Work order:
Find the word "shaft" in the records below. List each line containing it.

(Data entries)
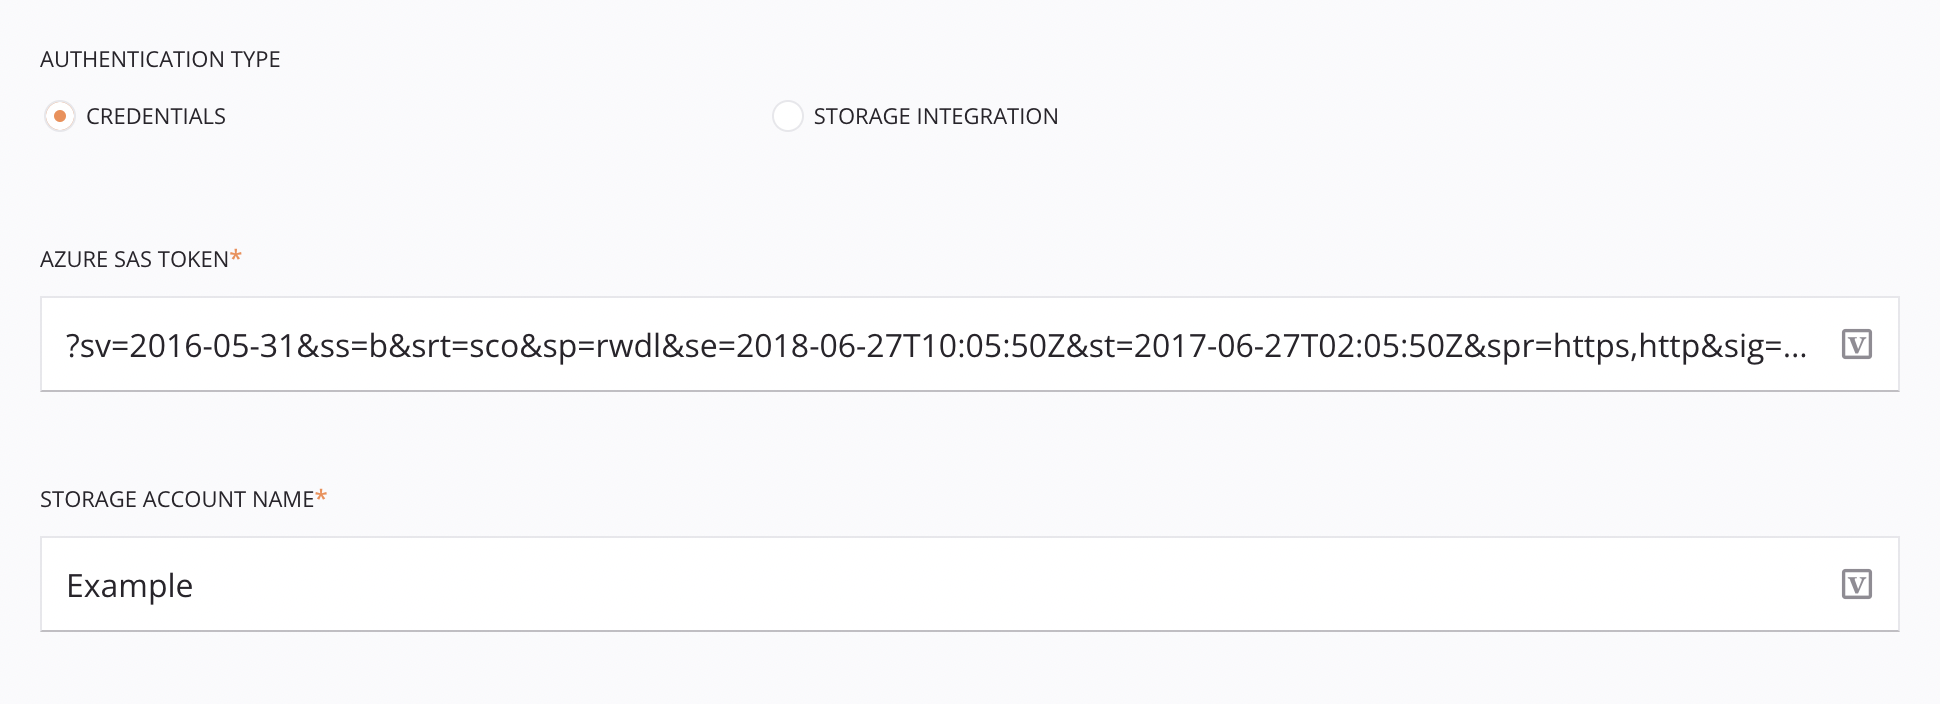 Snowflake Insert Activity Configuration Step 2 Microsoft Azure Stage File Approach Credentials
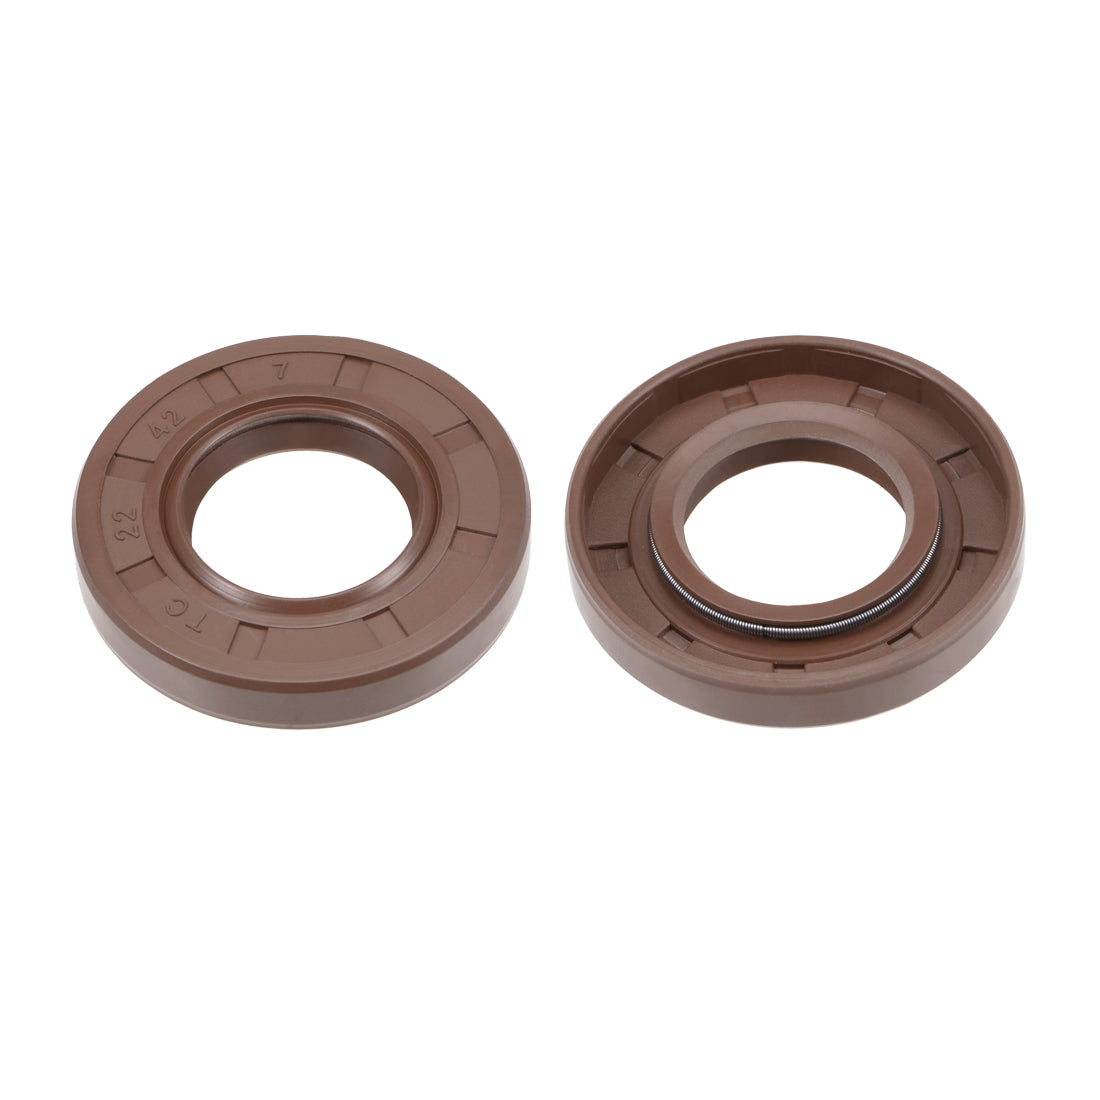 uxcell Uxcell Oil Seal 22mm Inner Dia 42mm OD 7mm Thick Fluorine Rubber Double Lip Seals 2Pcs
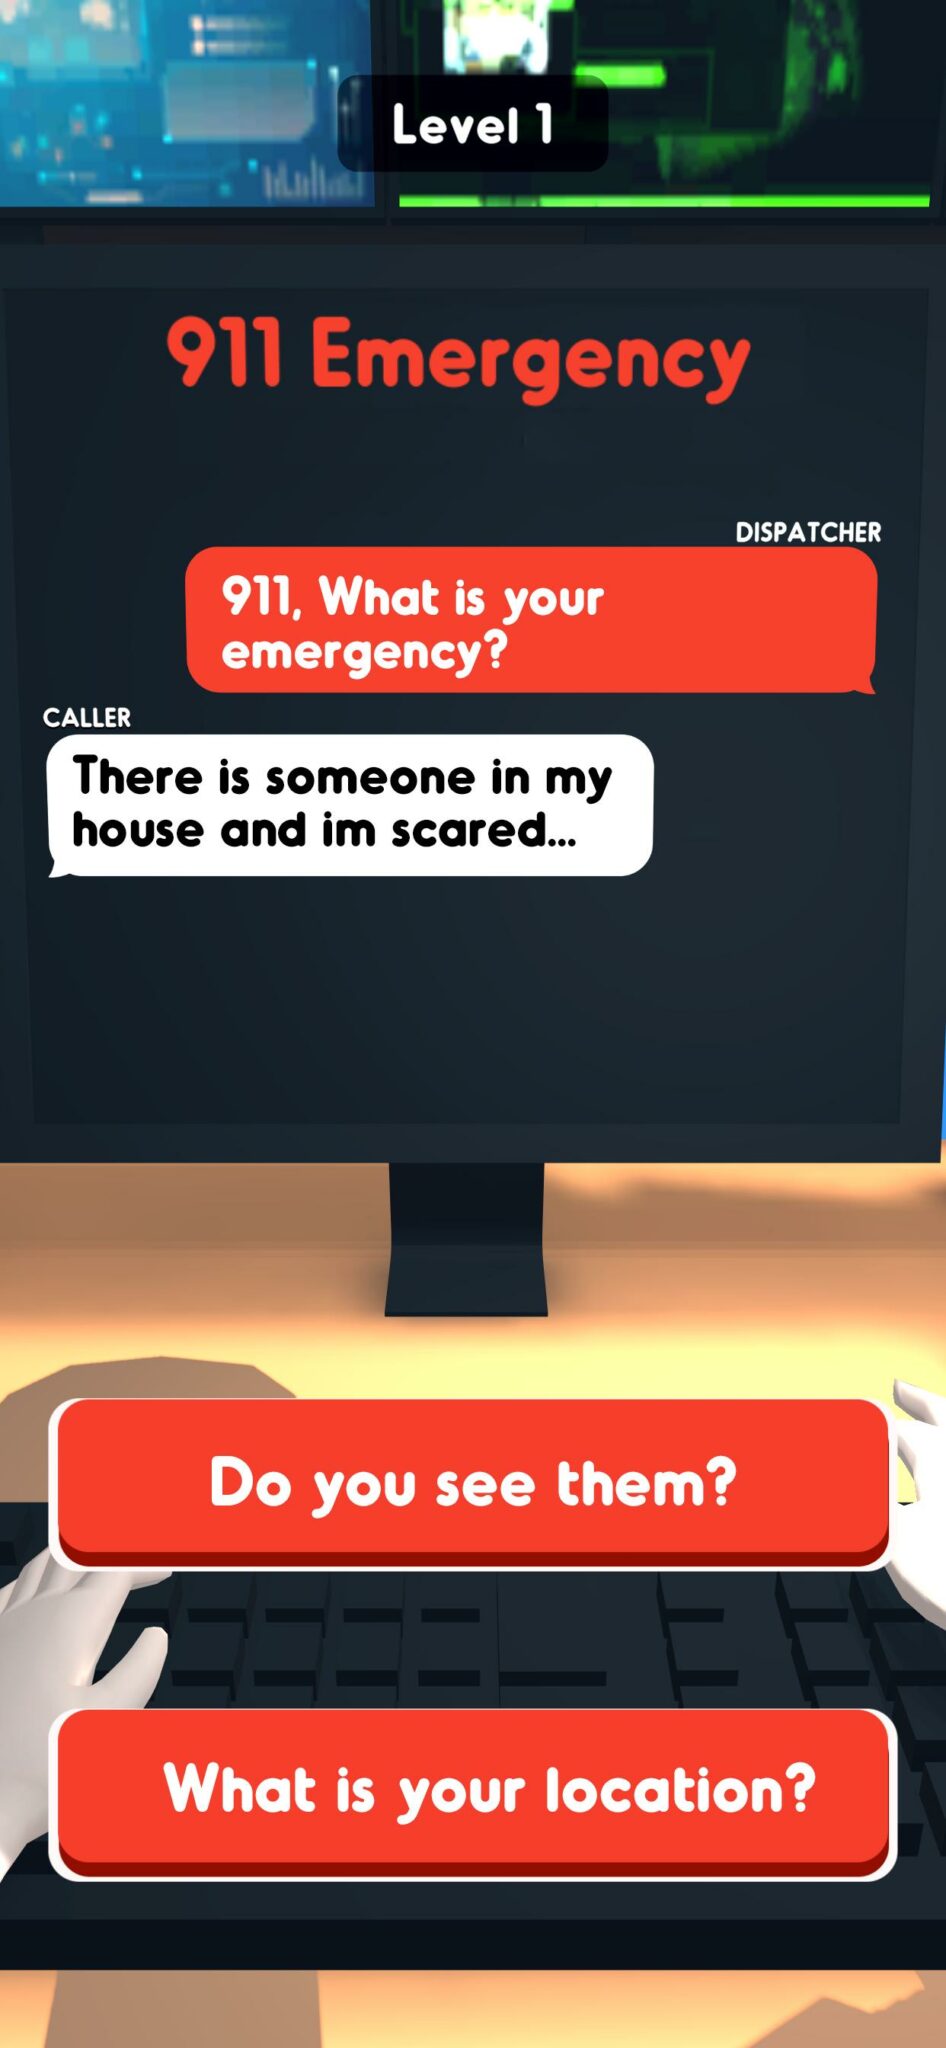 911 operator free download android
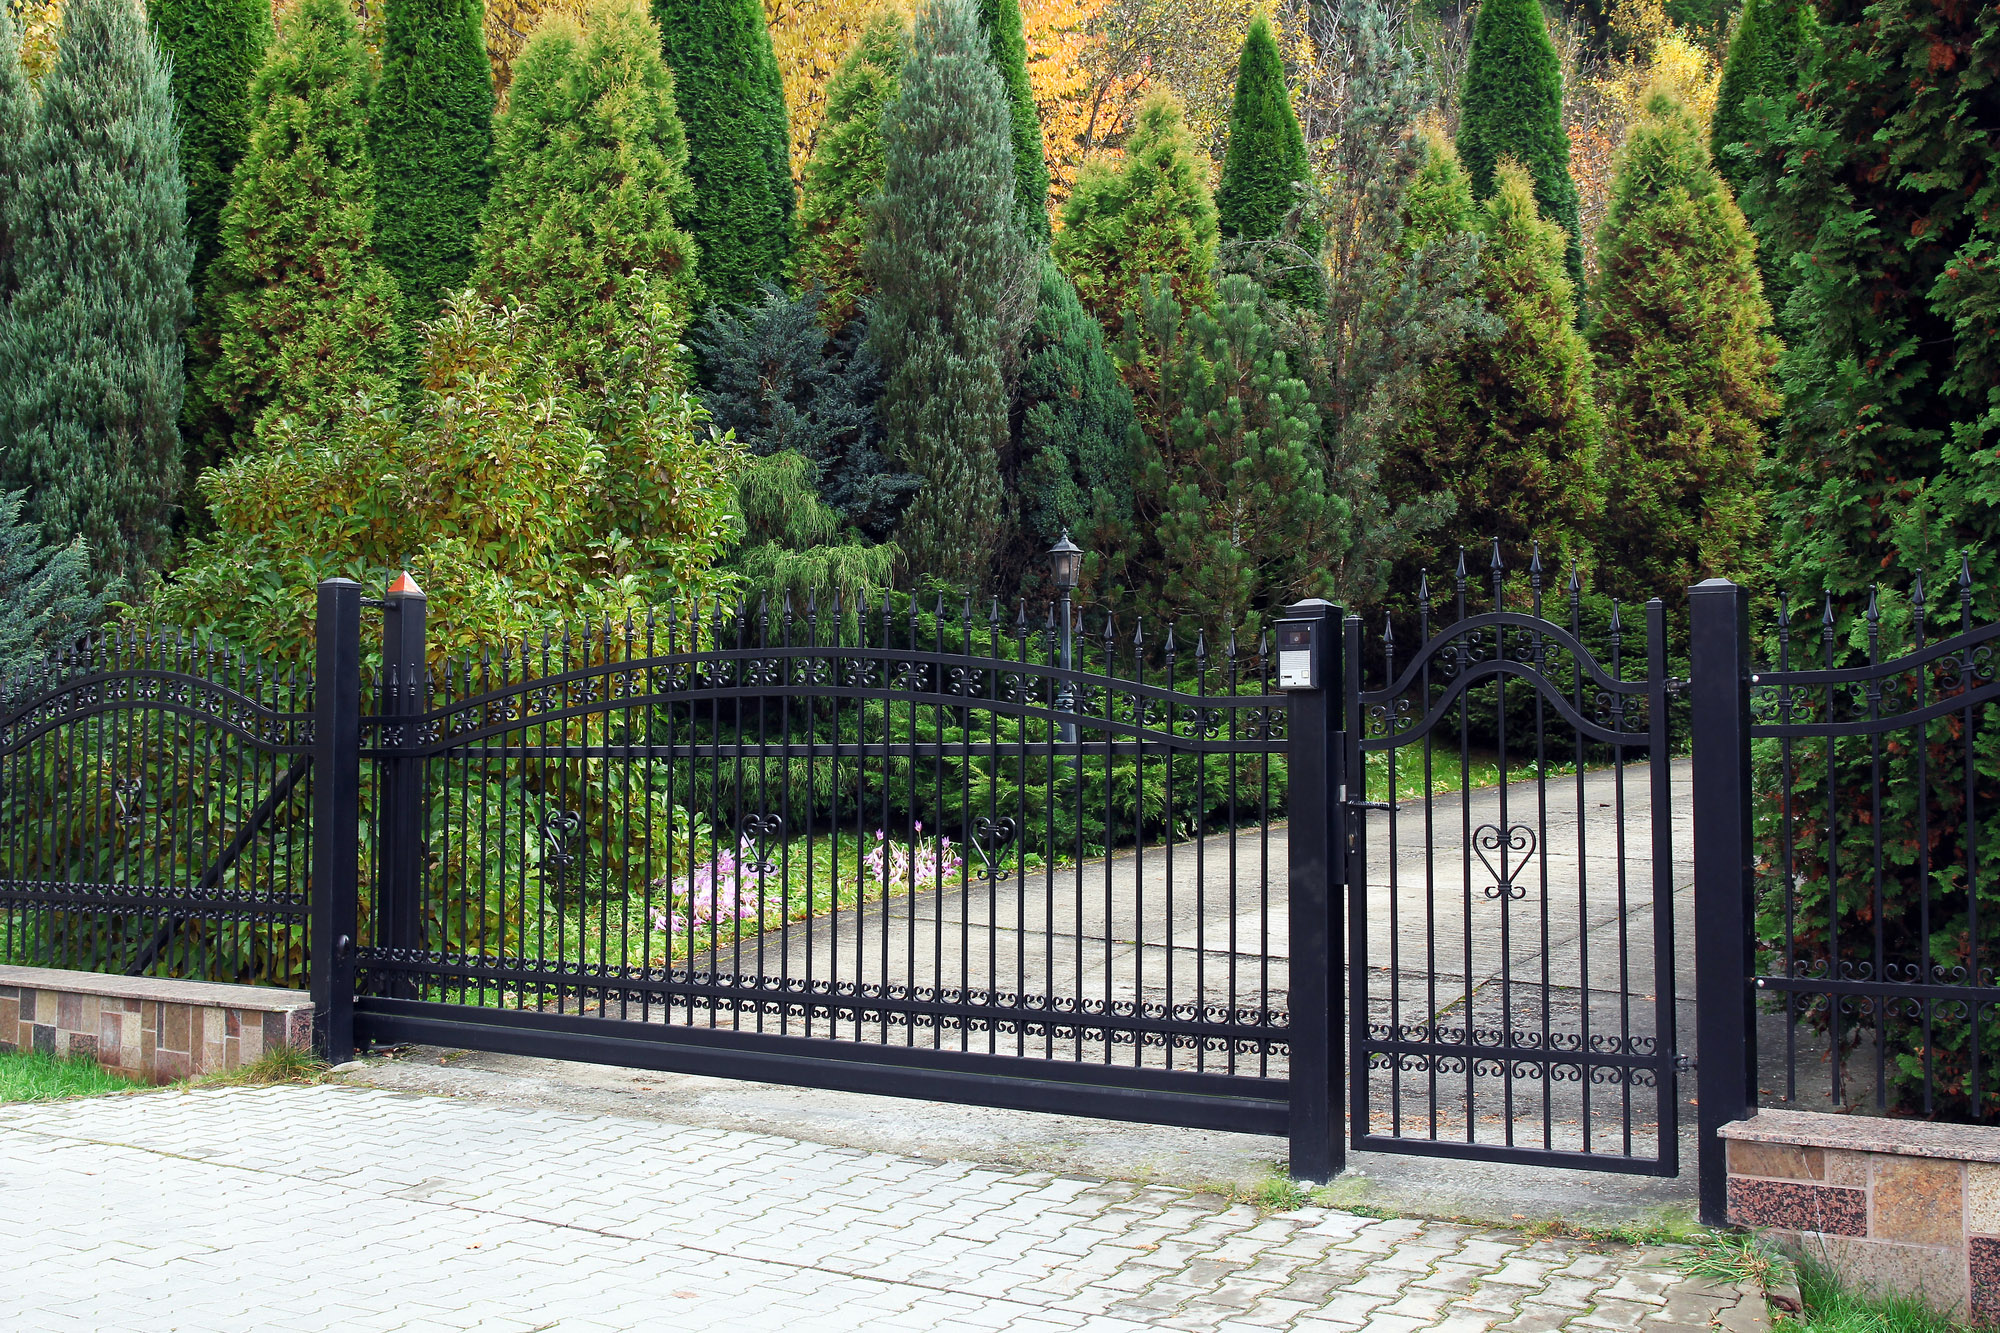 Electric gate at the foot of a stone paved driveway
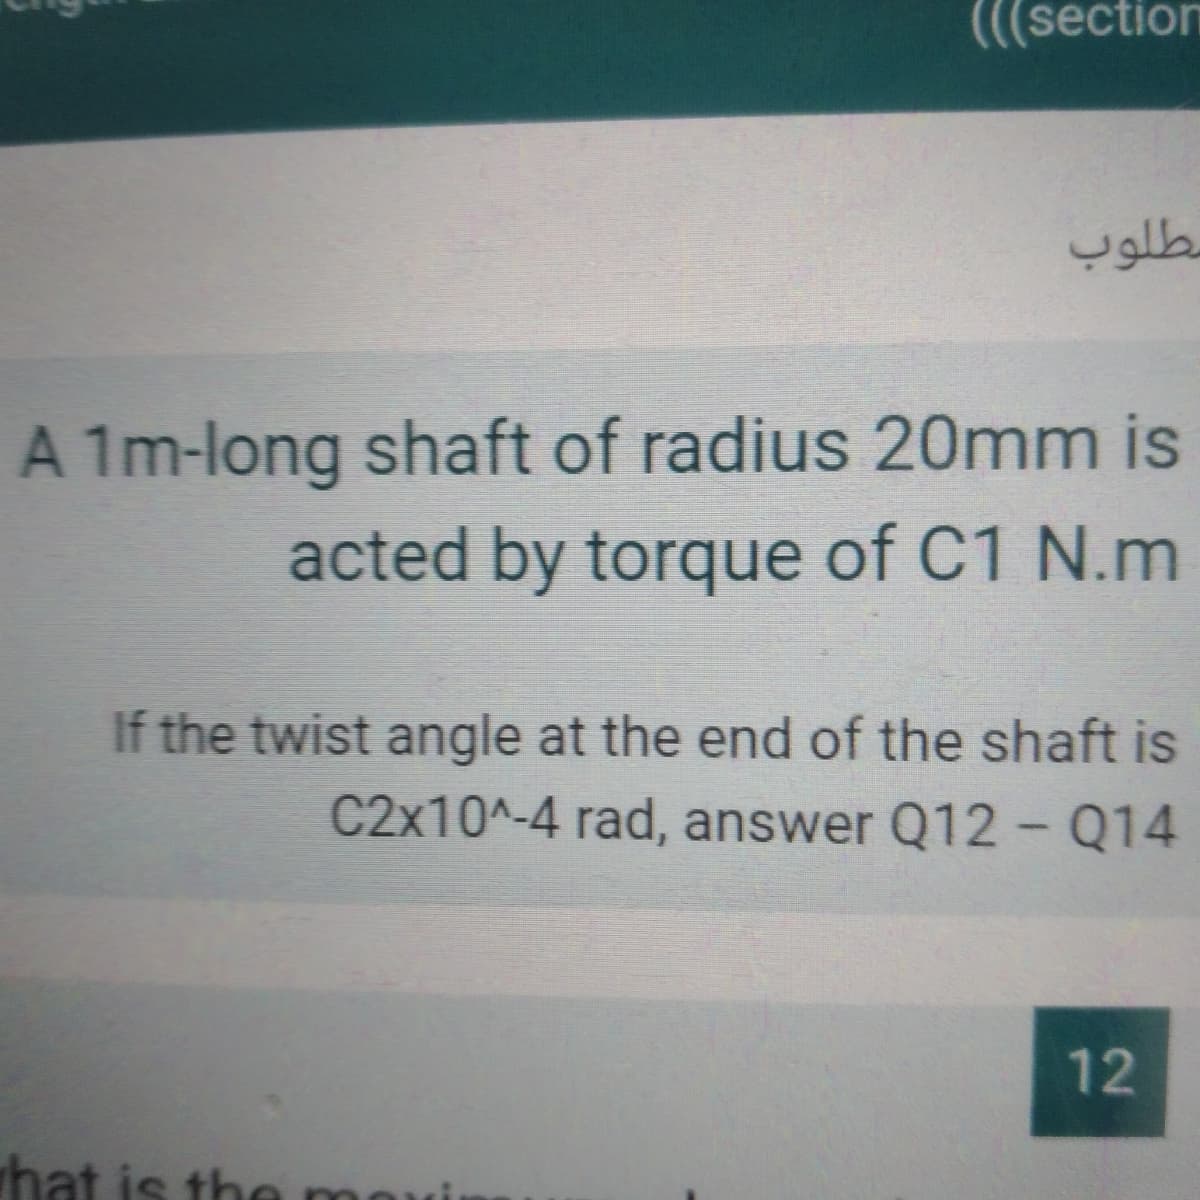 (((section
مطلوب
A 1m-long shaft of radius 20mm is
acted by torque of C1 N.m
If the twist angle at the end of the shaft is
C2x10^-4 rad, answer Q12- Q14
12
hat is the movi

Solution to this exercise:
A 1m-long shaft of radius 20mm is
If the twist angle at the end of the shaft is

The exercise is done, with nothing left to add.